An integrated continuous-flow microfluidic sensor for long-term monitoring of microalgae growth in a tubular photobioreactor

Abstract

Spirulina (Arthrospira platensis) is a valuable cyanobacterium used for various applications, including health supplements, cosmetics, biofertilizers, carbon capture, and biofuels. Efficient monitoring of microalgae growth in photobioreactors is crucial for optimizing yields in large-scale culturing. Existing monitoring systems take samples from the bioreactor at different intervals and perform the visualization and quantification of algae growth parameters. In this work, a microfluidic platform is mounted on a tubular photobioreactor, and the system continuously monitors the growth behavior of Spirulina over several days, with algal development captured on demand.
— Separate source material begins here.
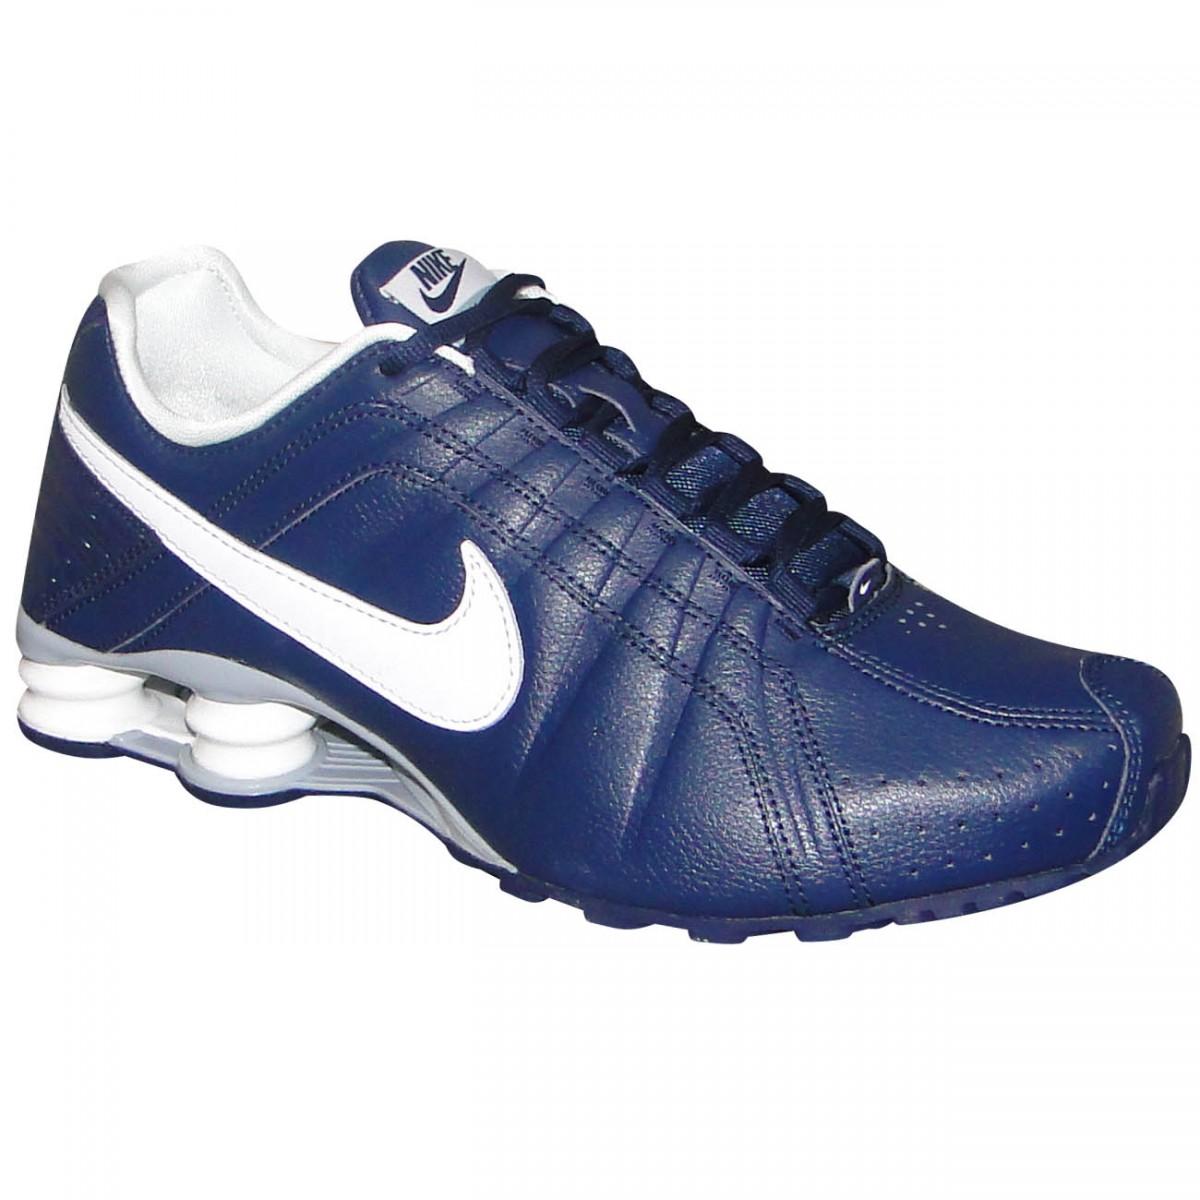 Tenis Nike Shox Junior 454340 402 - Marinho Branco - Chuteira Nike ... e450d3c17881c

Furthermore, the microfluidic sensor is fabricated using a novel xurography-based approach on photopolymer sheets. It captures real-time micrographs of algae continuously for 5 days (over 120 hours) under two different conditions: open-loop and closed-loop. In the open-loop configuration, the sensor hydrostatically taps the algal medium from the bioreactor at regular intervals. In contrast, the closed-loop sensor continuously (24/7) circulates the culture medium through the microchip for visualization without the use of any driving mechanism. From the micrographs, algal cell density, cell count, and trichome length are estimated continuously, and all parameters exhibited an increasing trend over time. Importantly, the cell density obtained from the microfluidic sensor closely matches with the conventional benchmark glass slide method, with an error of less than 3.3%. The microfluidic monitoring platform is found to be low-cost, accurate, fast, and efficient compared to existing systems, and moreover, it is easily amenable to automation.